_What to produce_
Word for word, set down the lines from the one that holds "Product view - Dusty" through the final line of the listing below, and exclude every picture.

_Supplied data_
----------

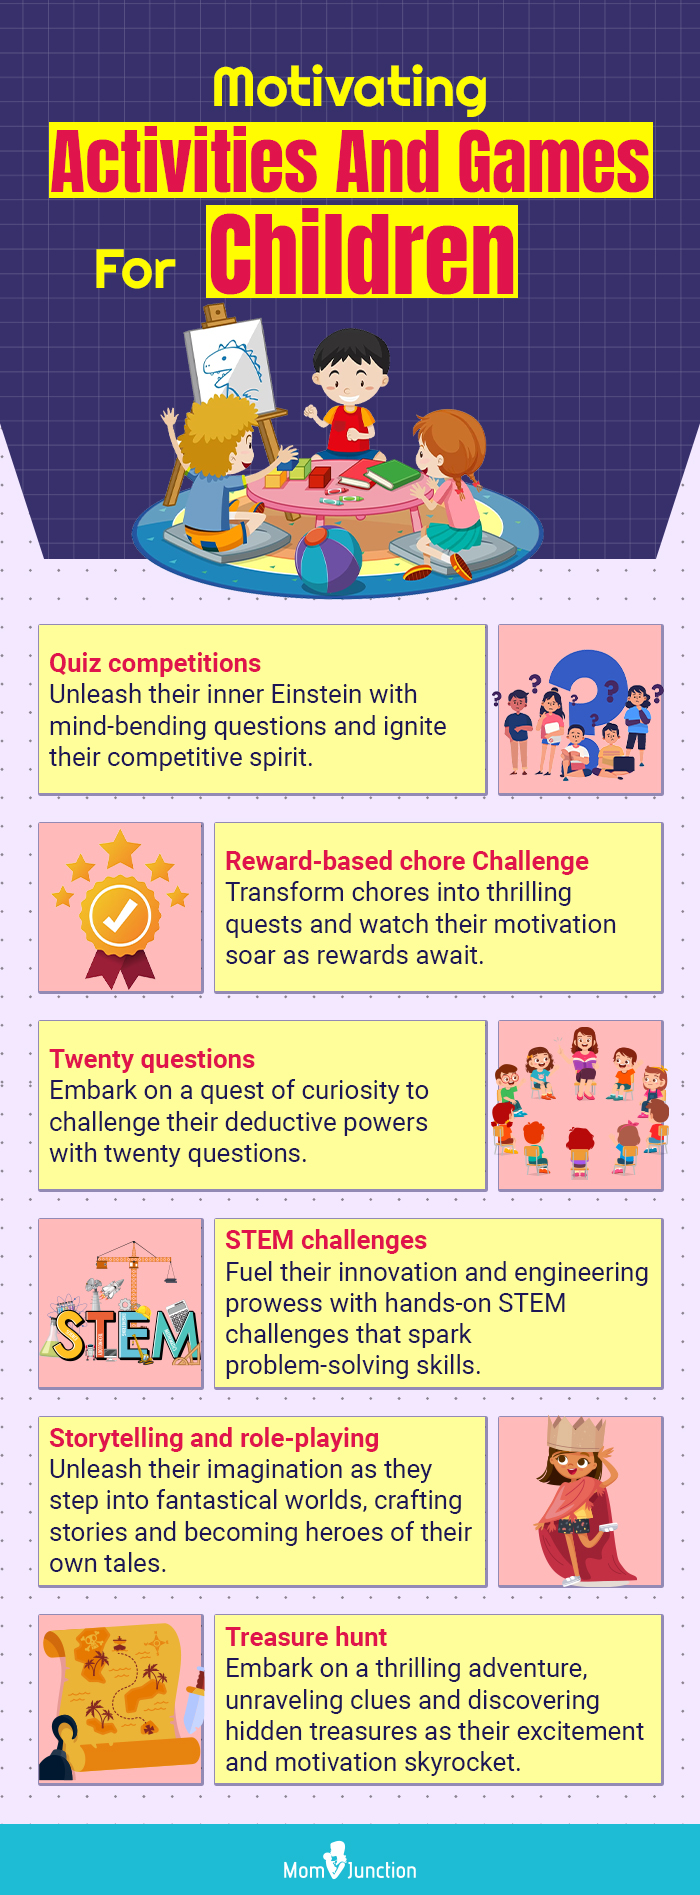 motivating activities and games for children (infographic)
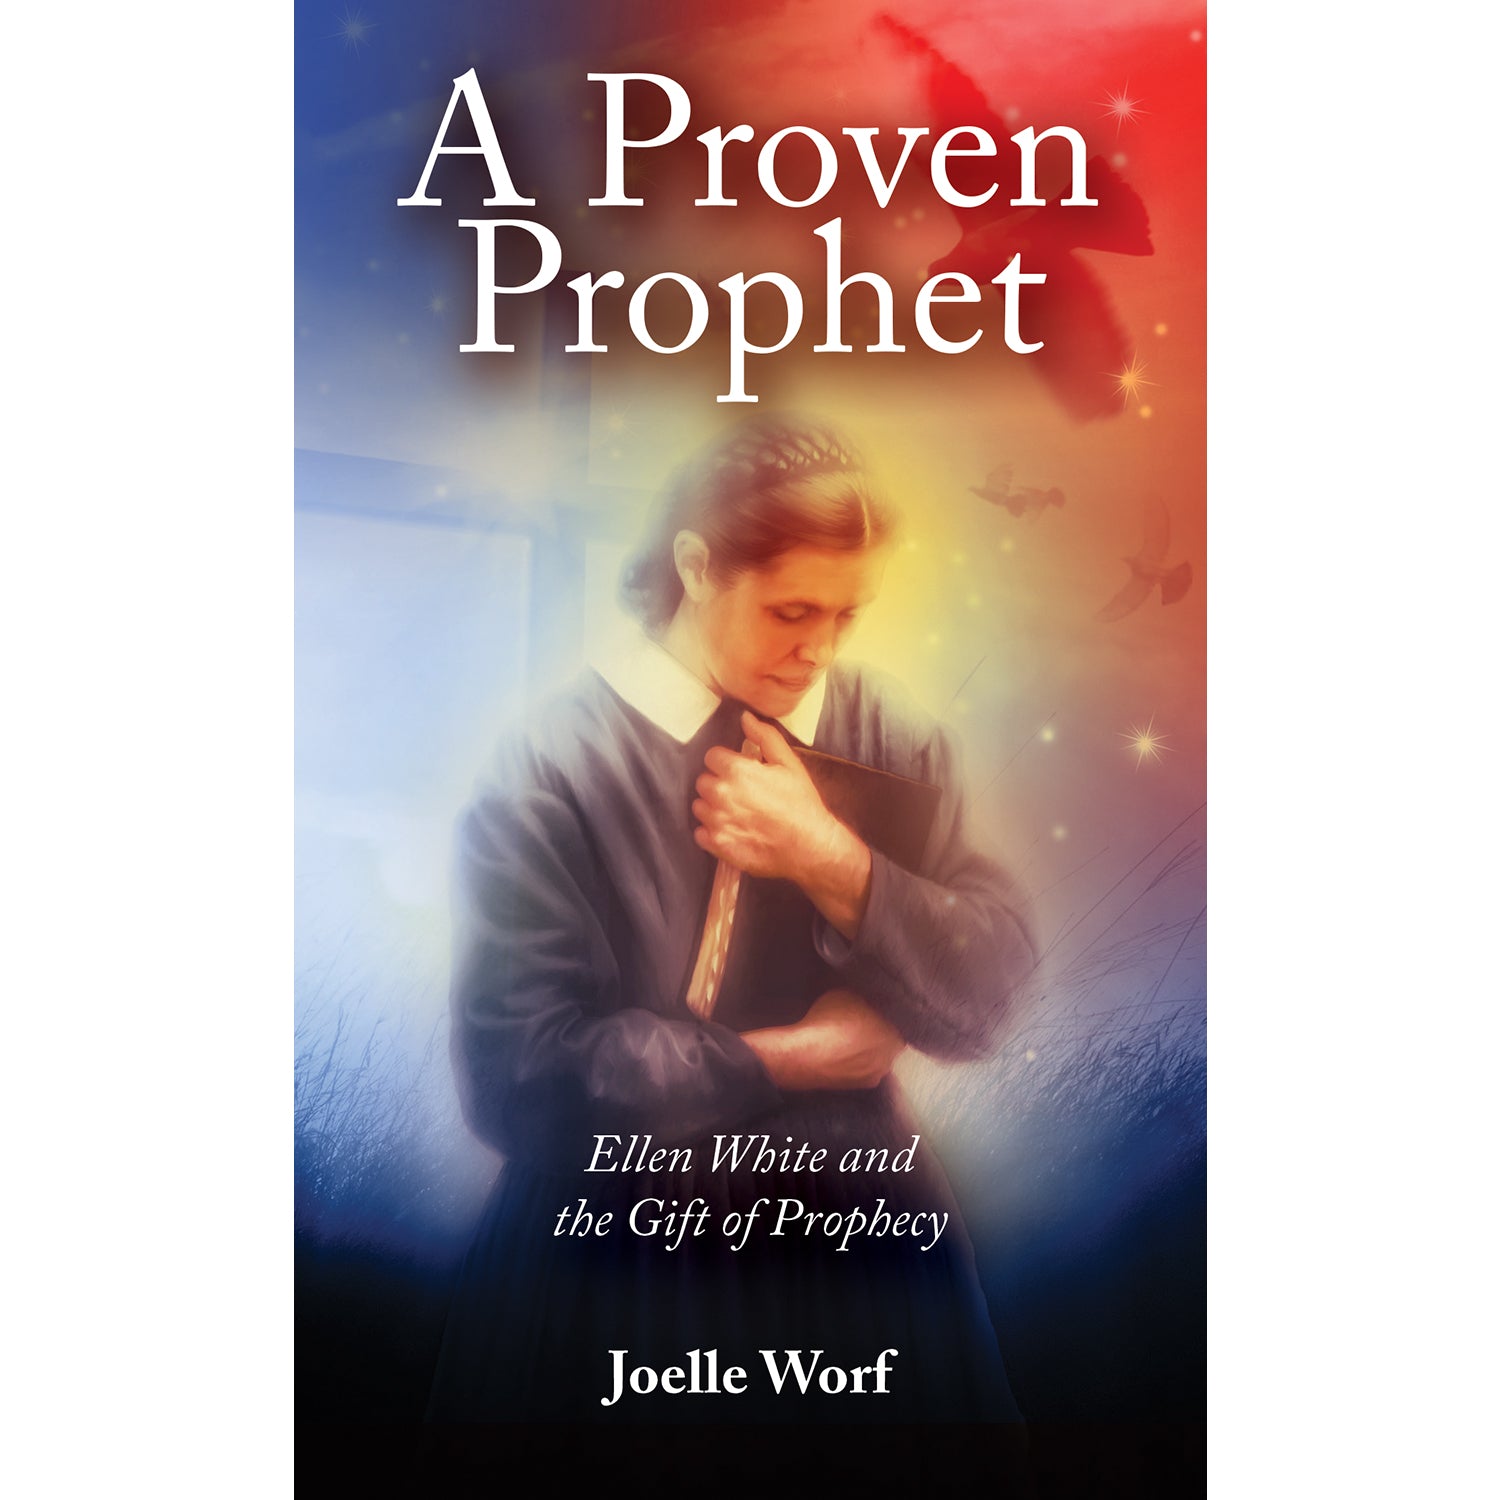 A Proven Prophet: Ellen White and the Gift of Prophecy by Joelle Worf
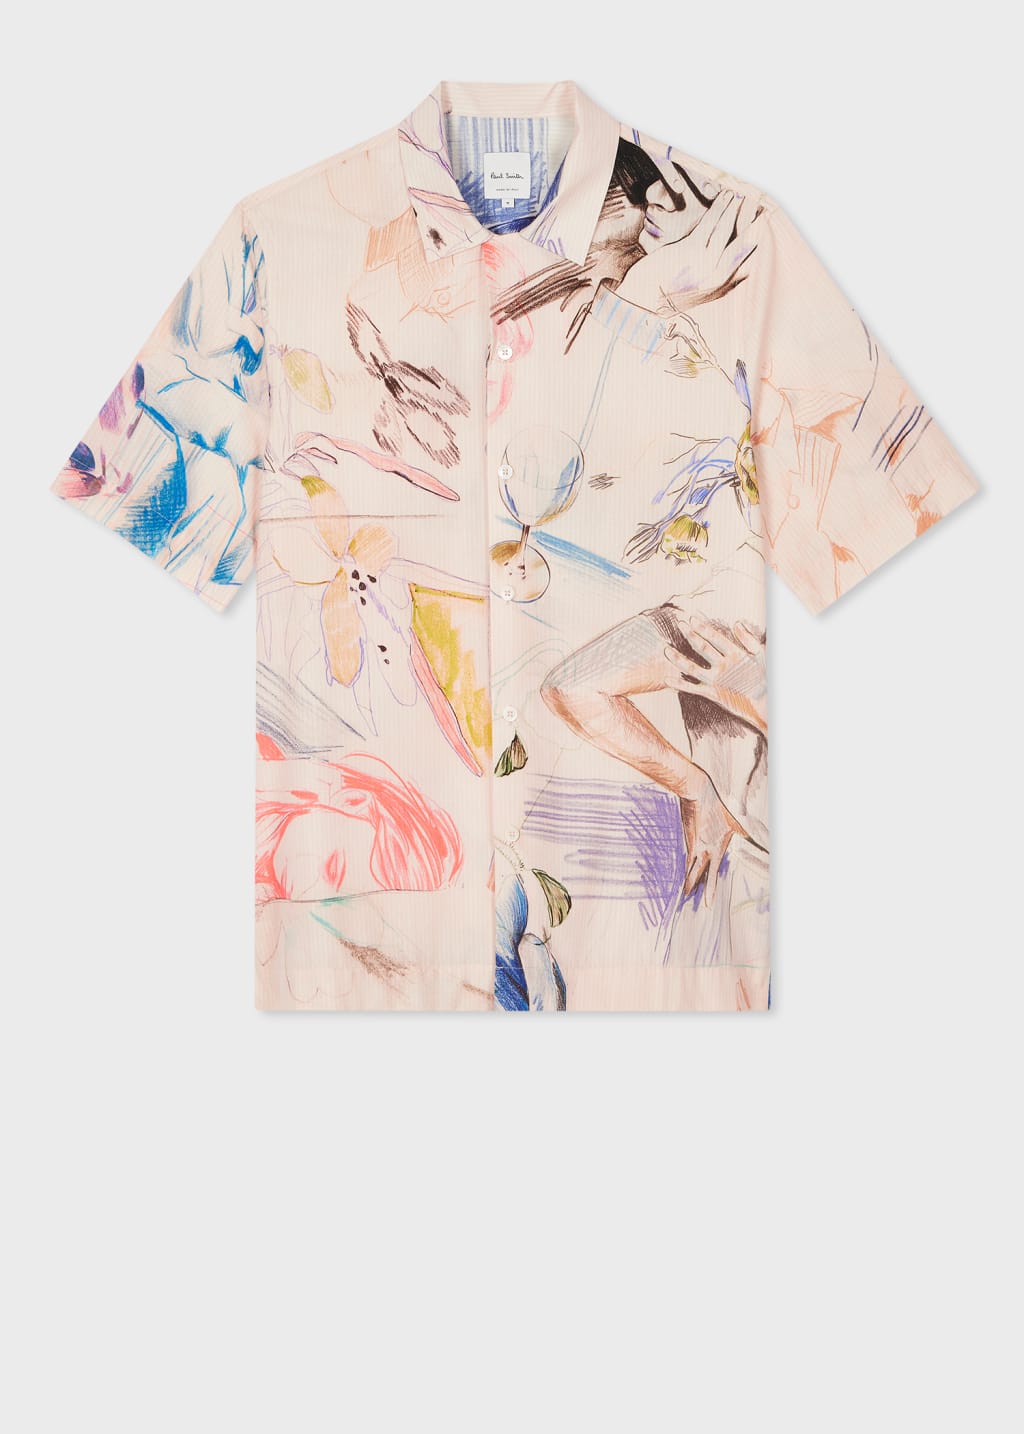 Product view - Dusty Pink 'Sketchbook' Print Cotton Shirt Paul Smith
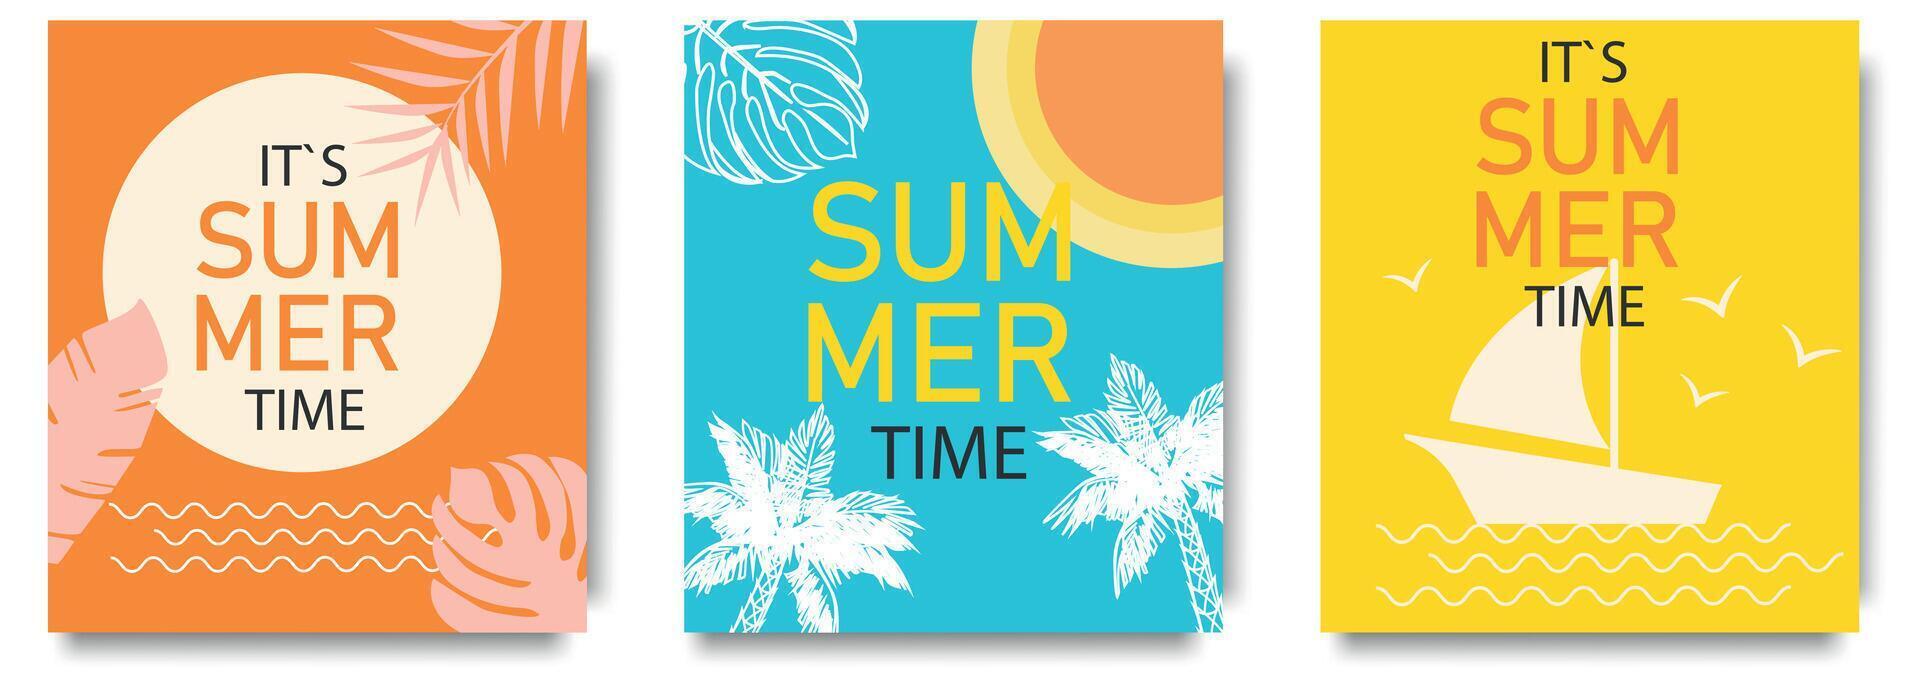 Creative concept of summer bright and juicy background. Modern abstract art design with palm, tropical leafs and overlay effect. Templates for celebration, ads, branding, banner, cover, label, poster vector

----------

_Exercise output_
 Product view - Dusty Pink 'Sketchbook' Print Cotton Shirt Paul Smith
 Creative concept of summer bright and juicy background. Modern abstract art design with palm, tropical leafs and overlay effect. Templates for celebration, ads, branding, banner, cover, label, poster vector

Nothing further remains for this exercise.